Phase 2 (awaiting_reply == true): the lead is specifically waiting on expected_request_id. Now reqid < expected_request_id is a stale leftover (ignore + stay waiting), reqid == expected_request_id is the candidate genuine reply (run the accept rule), reqid > expected_request_id is impossible (teardown).

The two phases route deliveries through different rules — and one of those rules is a silent ignore. Skip the phase split and you either keep escalating on stale duplicates (the loop never converges) or you accept stale ones as the answer (the loop converges on the wrong content).

The lesson generalizes beyond this loop: when you have a state machine with a busy state and an idle state, and inputs arrive in both, the routing logic for each state has to be authored separately. The “they look the same, let’s merge” instinct is exactly what makes long-running async protocols fragile.

What this protocol actually is

Every section above buys back one specific dogfooded failure. The reviewer (Codex) is long-running. The teammate is persistent. The runtime delivers messages and idle wakes; the lead routes them. The protocol is the routing table, and every entry exists because routing it any other way produced a bug I watched happen.
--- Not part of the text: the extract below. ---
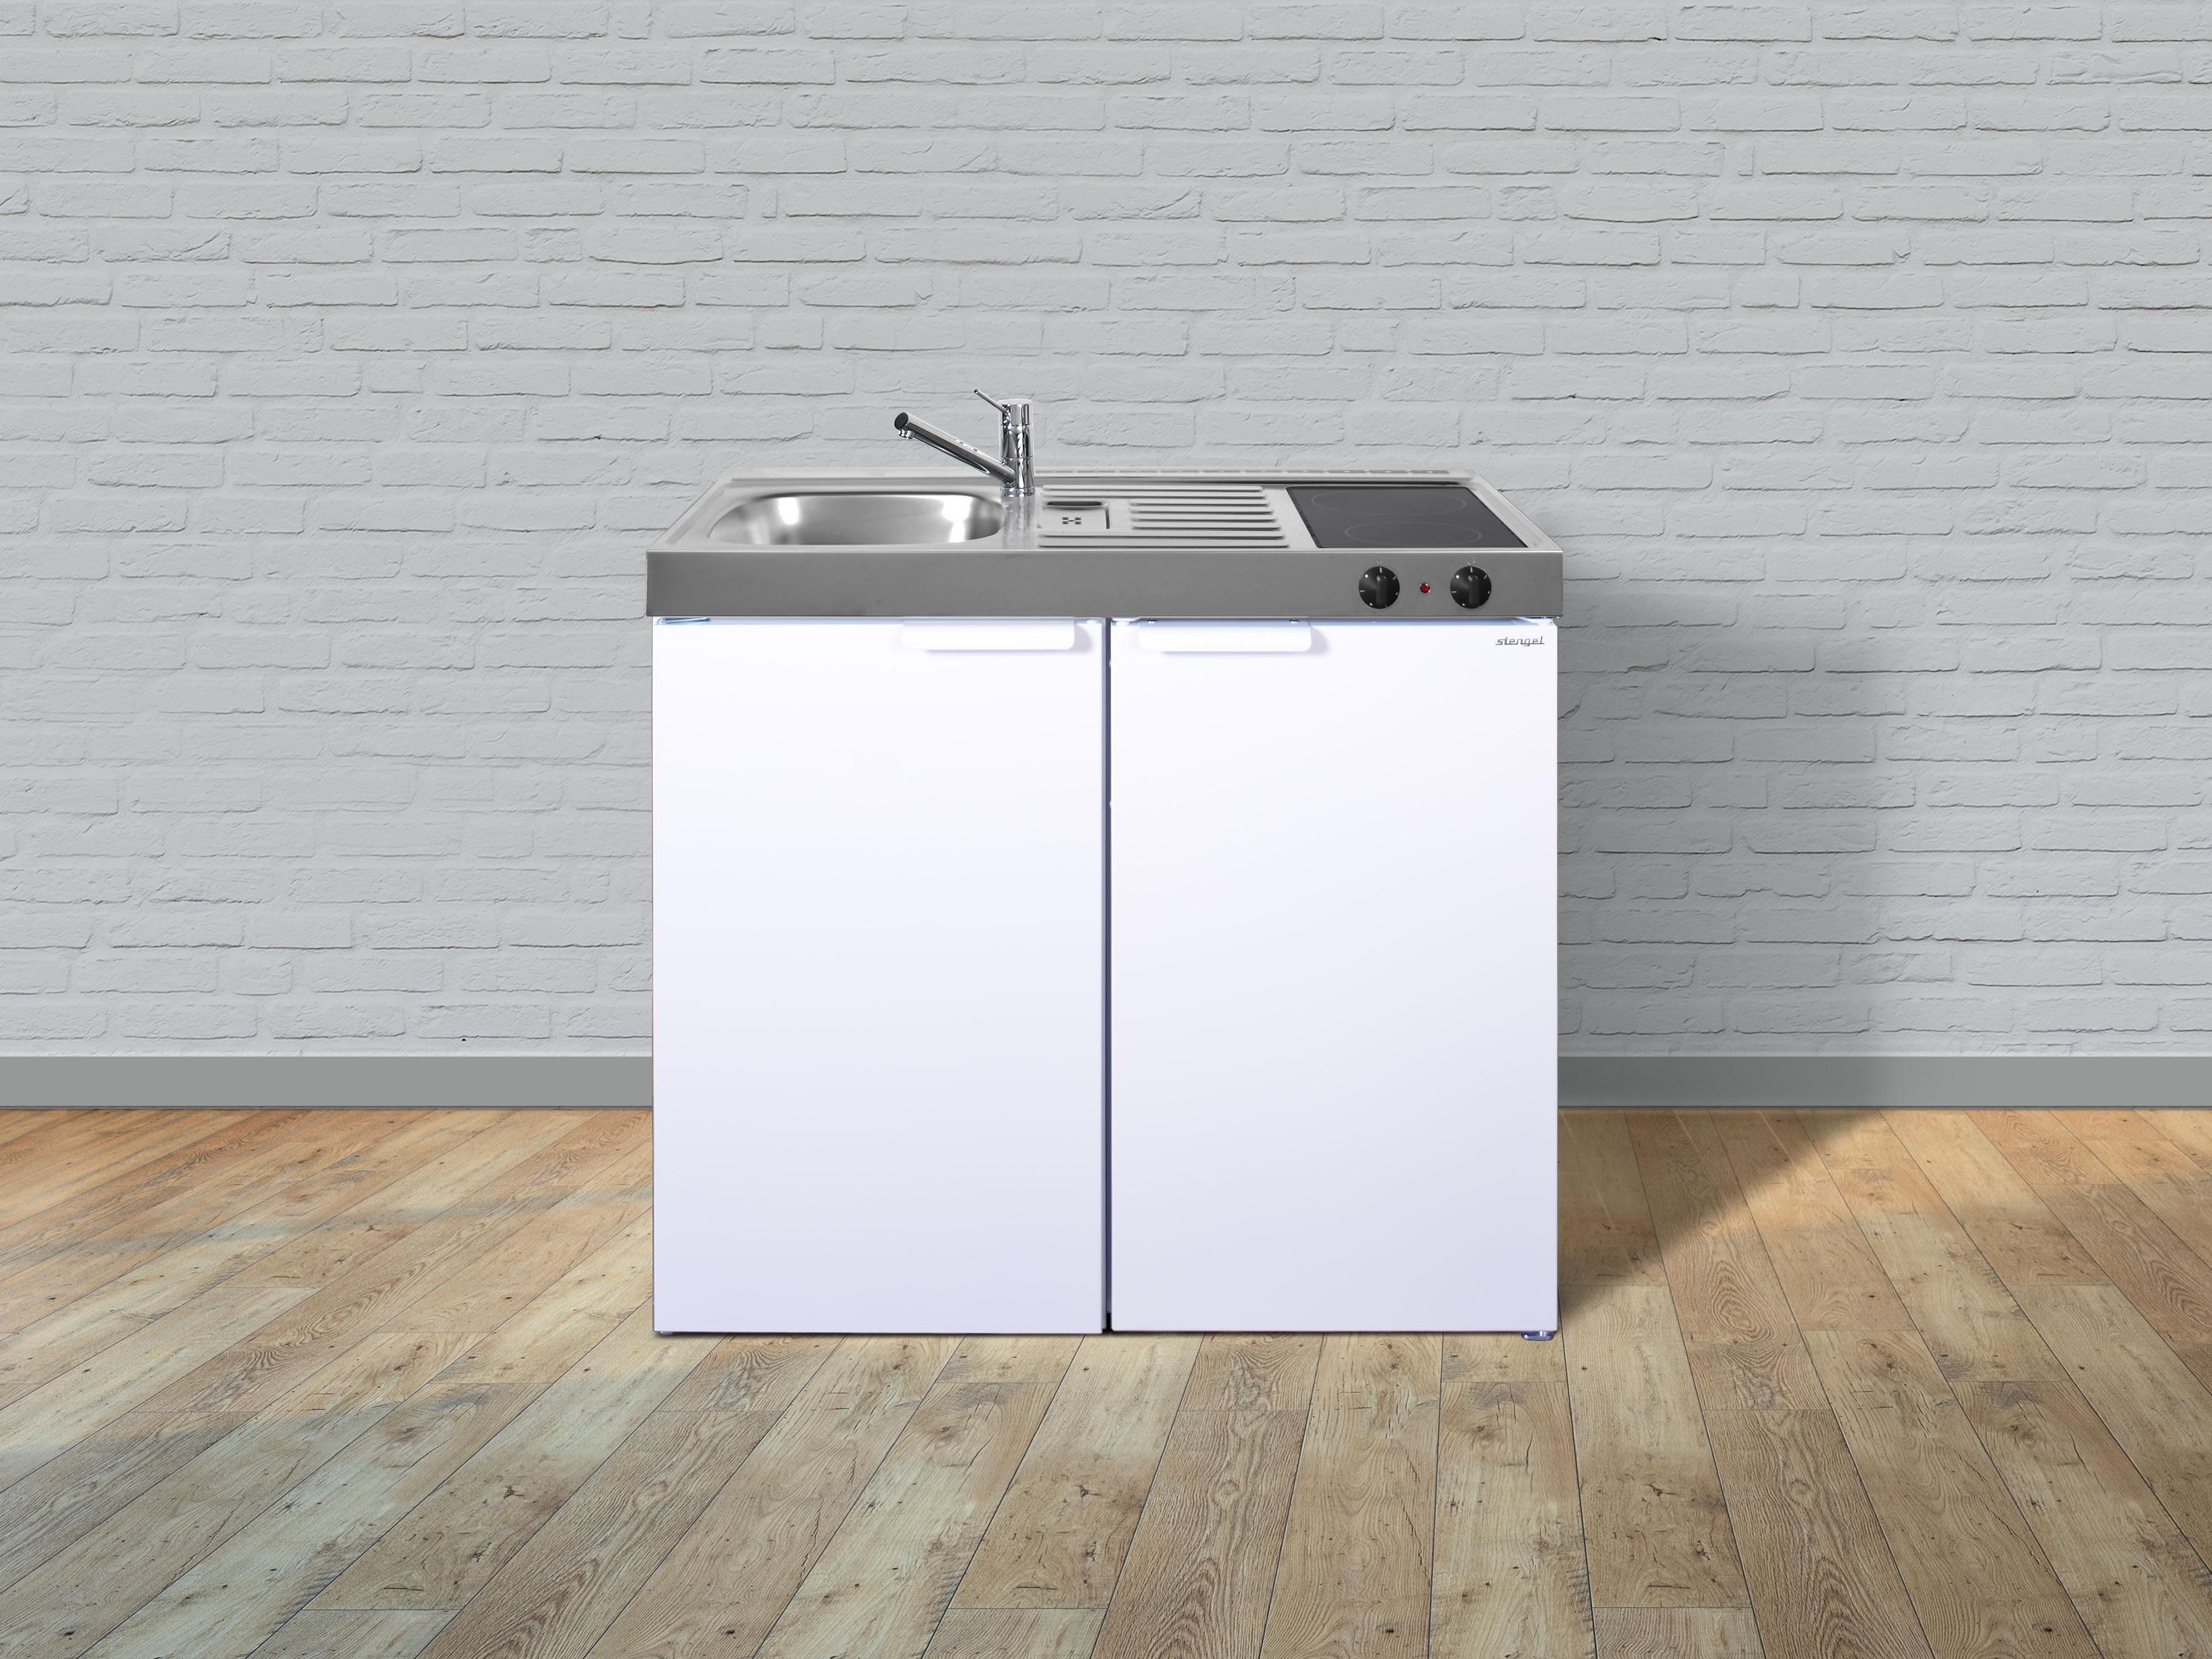 Miniküche Mit Kühlschrank Möbel Boss : Singleküche miniküchen online kaufen otto

That is also what stops the protocol from being elegant. It’s the precipitate of failures, not a coherent design from first principles. Two cross-loop sections — §E (the request-id state machine) and §B (unsolicited messages) — collect the parts shared by plan-loop and implement-loop. Each loop’s local failure-protocol.md then binds the loop-specific bits: reply-token shape (WROTE: <id> <path> vs. DONE: <id> <task>), accept regex, post-acceptance validation.

If I were starting over: the request-id counter, SendMessage transport for replies, and the solicit_sent_at timestamp eat about 80% of the failure surface. The rest is fence-posting — phase splits, unsolicited-message backstops, teardown ordering — the kind of thing you only realize is necessary after the obvious version breaks at 2 a.m.

The general shape, lifted out of hyperclaude: persistent teammates plus a long-running reviewer create races that prompt-only discipline cannot fix. The lead has to own ids, own timestamps, and treat every delivery as a router input — not an answer to whatever it sent most recently. Once that mental model is in place, the rest is bookkeeping.